I second the suggestion of the stable marriage problem. It’s a lovely result with significant real-life applications (not to mention scope for anthropological speculation). The one time I taught it, my students really enjoyed it.

Arrow’s impossibility theorem is another nice easy applied result, which only depends on a bit of poset theory for the setup.

Probabilistic proofs of existence are something which I think are pretty interesting, and stretch students’ minds a bit. It’s not the most interesting result, but one example is the proof of the existence of tournaments with many Hamiltonian paths. (An advantage is that you can make the probabilistic argument without actually using any probability. Though I would, for my own use, welcome better suggestions!)
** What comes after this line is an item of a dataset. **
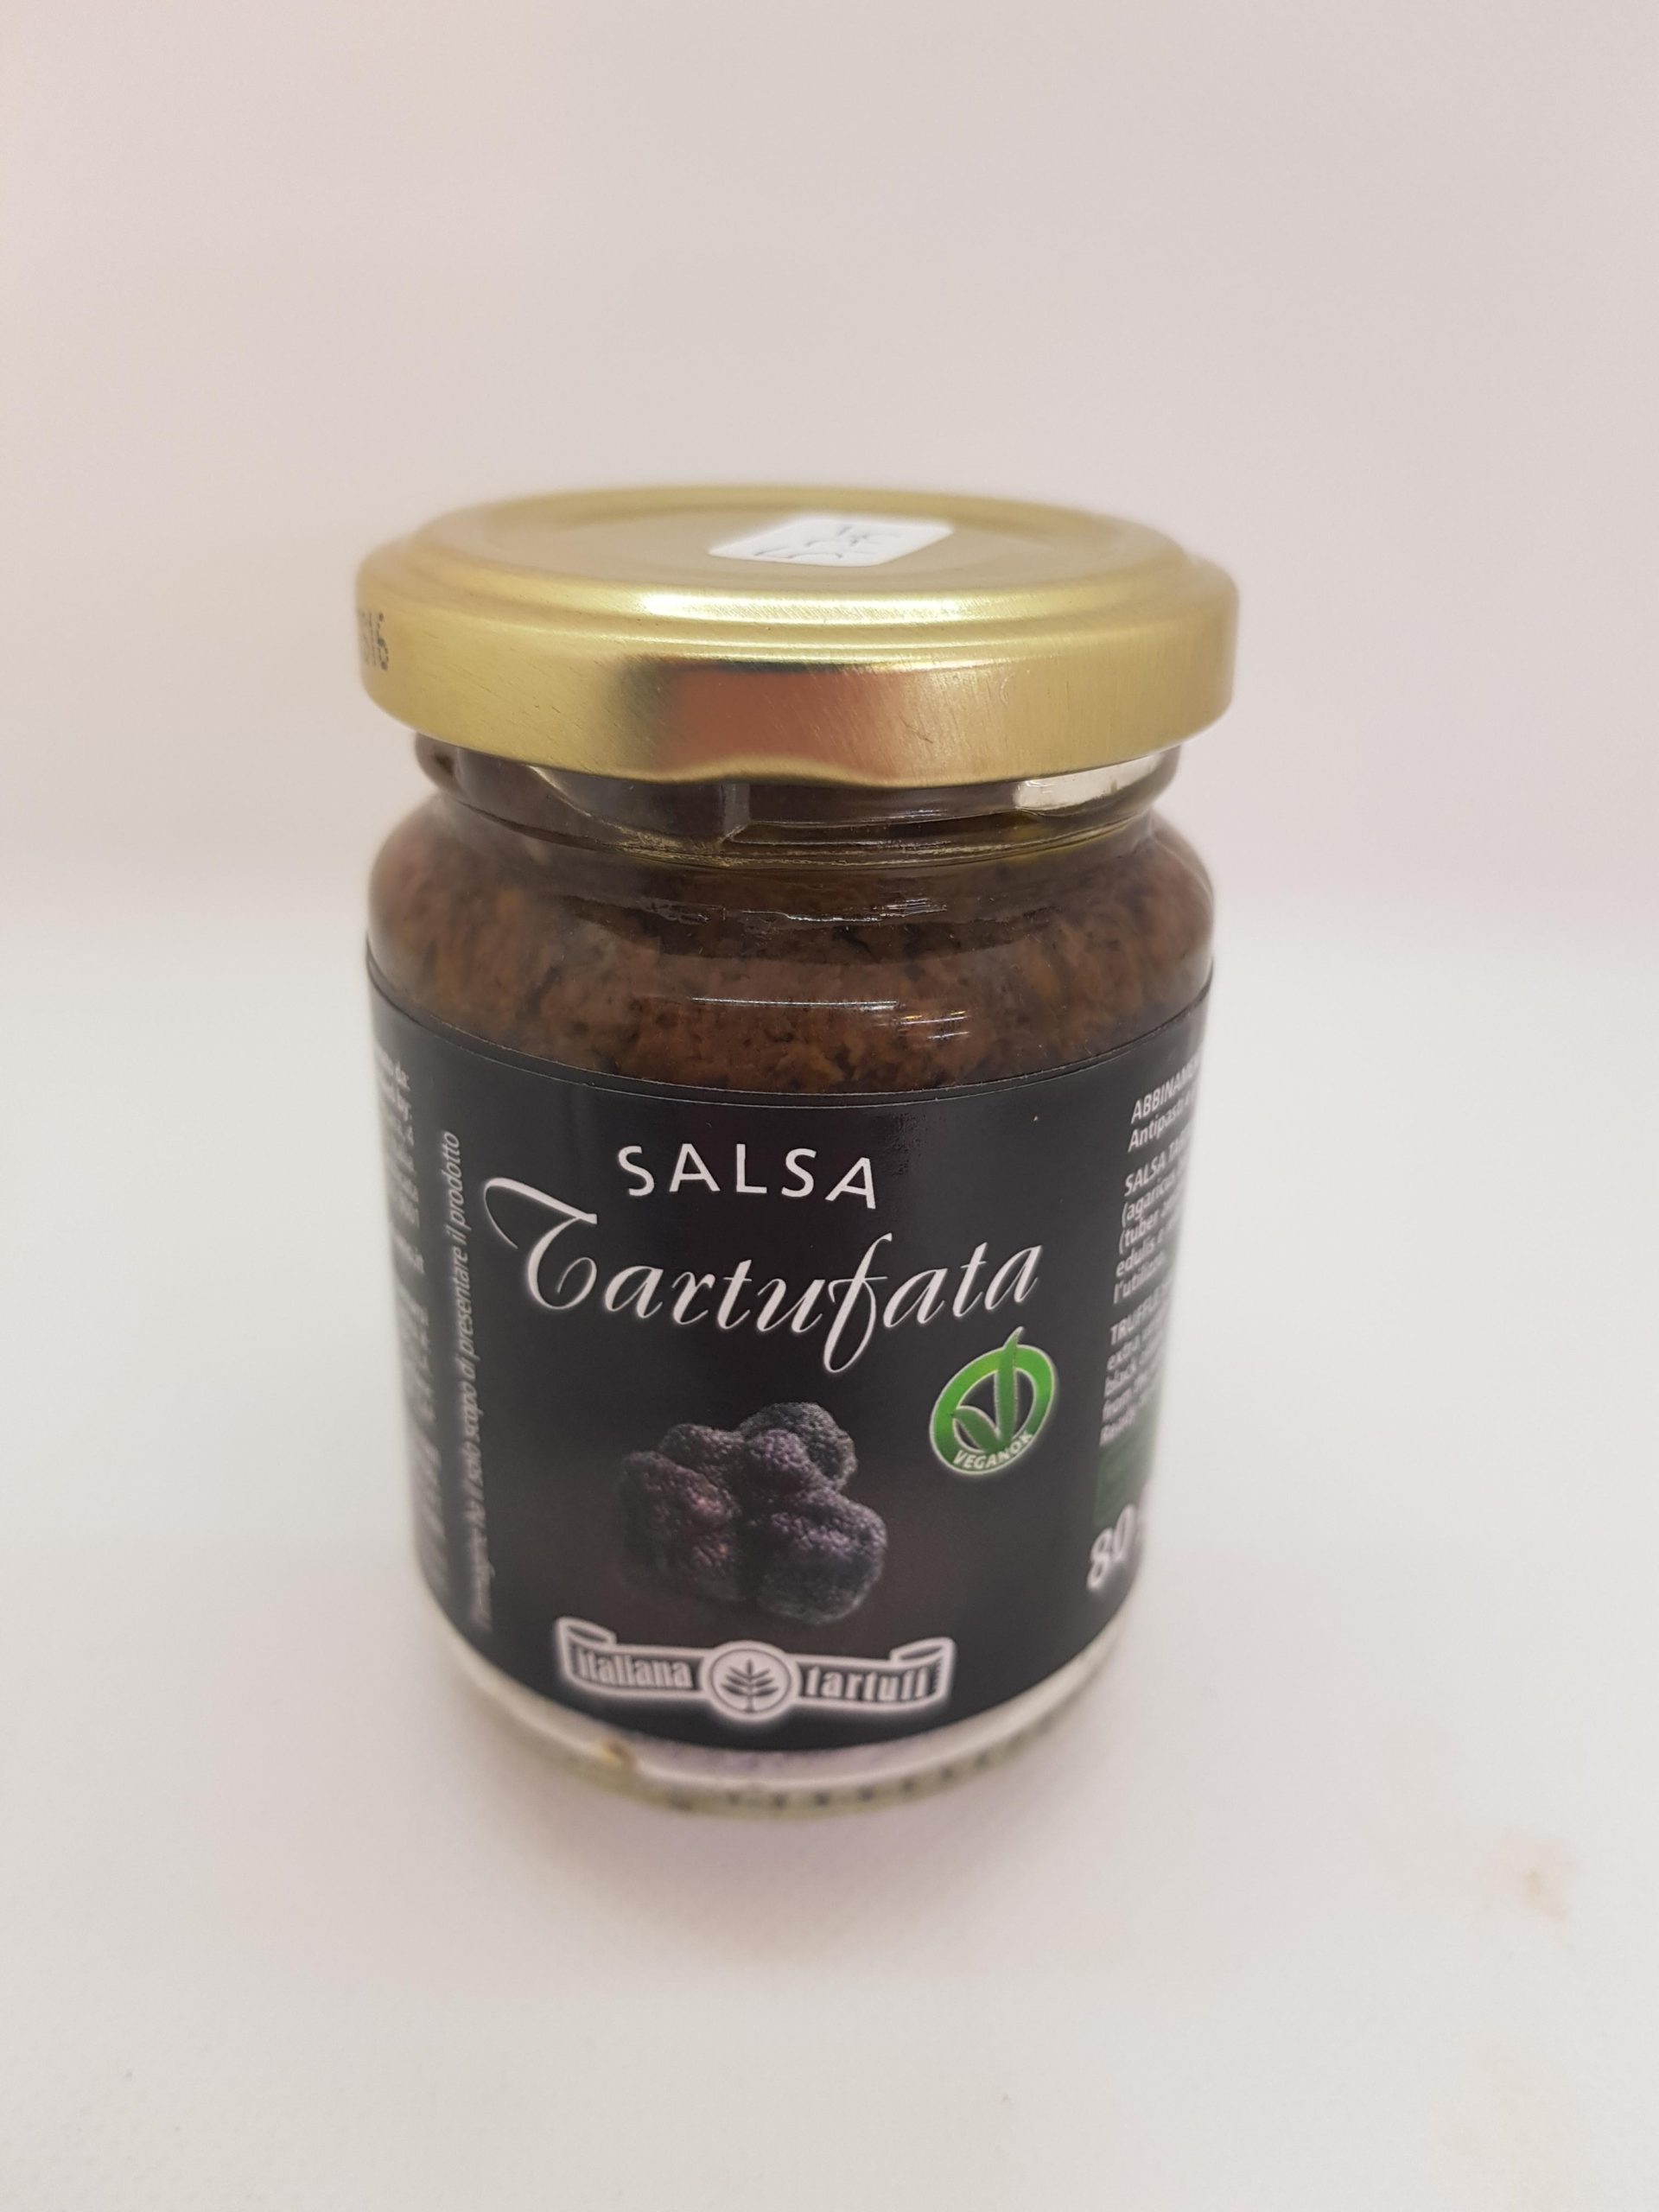 Salsa Tartufata 90g : le pot de 90 g à Prix Carrefour

Purely in terms of applications, one of the major ways of doing register allocation in computer science is via graph colouring (and analysis of graph colouring is how register allocation is shown to be NP complete). That’s 20-odd years old. About 5 years ago it was shown that a particular non-executable program representation (SSA form) always gives rise to chordal graphs, which means that greedy graph colouring algorithms can be used to obtain optimal colourings. (The NP-completeness hasn’t gone away, the conversion from coloured SSA form to coloured executable form can require extending the graph or modifying the colouring in ways which sometimes “blow up” exponentially.)

Unfortunately this probably doesn’t have much that’s interesting to talk about on the graph theory side of things, so it’s just a listable example.

Thanks for all the suggestions so far, and feel free to keep them coming.